The Addict and Spouse Live With Their Children. Your addictive behavior will have the same effects on your spouse as above, but the impact felt by your children makes things even worse. Children naturally take the credit for everything that goes on in the world around them—good or bad—and so as they see signs of your struggle with addiction, including anger between their parents, they assume they are the cause. If you wake up every day feeling poorly from a hangover the children will think they did something to make you feel bad.

Even worse, many parents neglect their parenting responsibilities. Older children become the caretakers of younger children. The children assume responsibilities for completing household chores. Because almost half of all addicts suffer from emotional disorders, they often burden their children with their worries, and the children then have to provide emotional support for the adults. The children will grow, without nurturing, to become untrusting and to emulate the parent-addict’s negative behaviors.

The Addict Lives With Adult Child. Many people succumb to addiction issues later in life stemming from use of opiate pain medication, or they may self-medicate to allay depression from life changes. If you are an elder parent residing with your adult child’s family you may become both a financial and emotional burden on the others. There will be miscarried expressions of anger, because everybody hesitates to express anger at grandma or grandpa.

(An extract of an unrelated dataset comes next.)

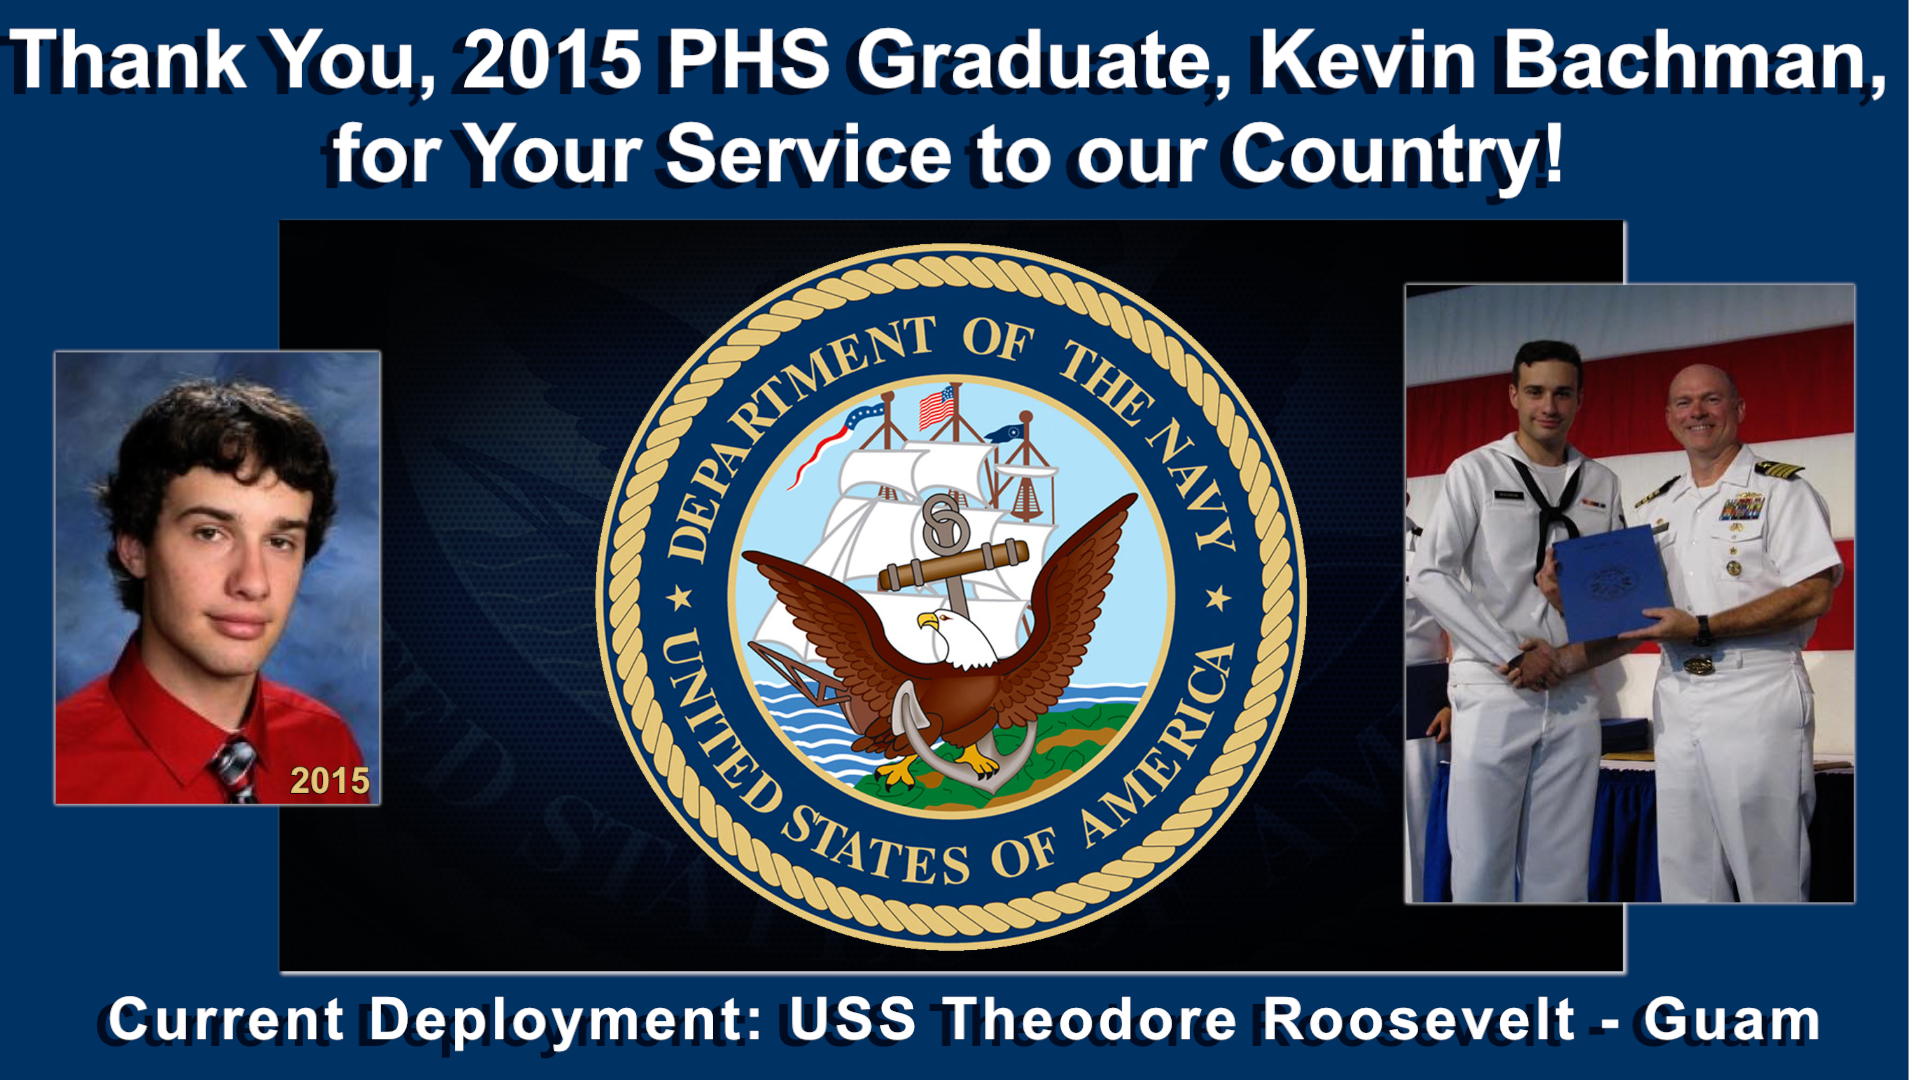 PHS 2015 Graduate Kevin Bachman serving in U.S. Navy aboard USS Theodore Roosevelt

In all cases, the negativity that spreads throughout a family can overwhelm its dynamics and culture. The lifestyle that everybody took for granted becomes topsy-turvy. The family’s involvement in the substance abuse treatment process will be important, but not until the addict establishes himself in treatment. Only then can effective communication be re-established within the family. Education is a must for everybody, to learn about addiction and also for managing conflicts that will arise from time to time. The family will learn that there is no hero responsible for saving everybody and no villain, either—except for that darn elephant. And Addiction, at least, can be managed.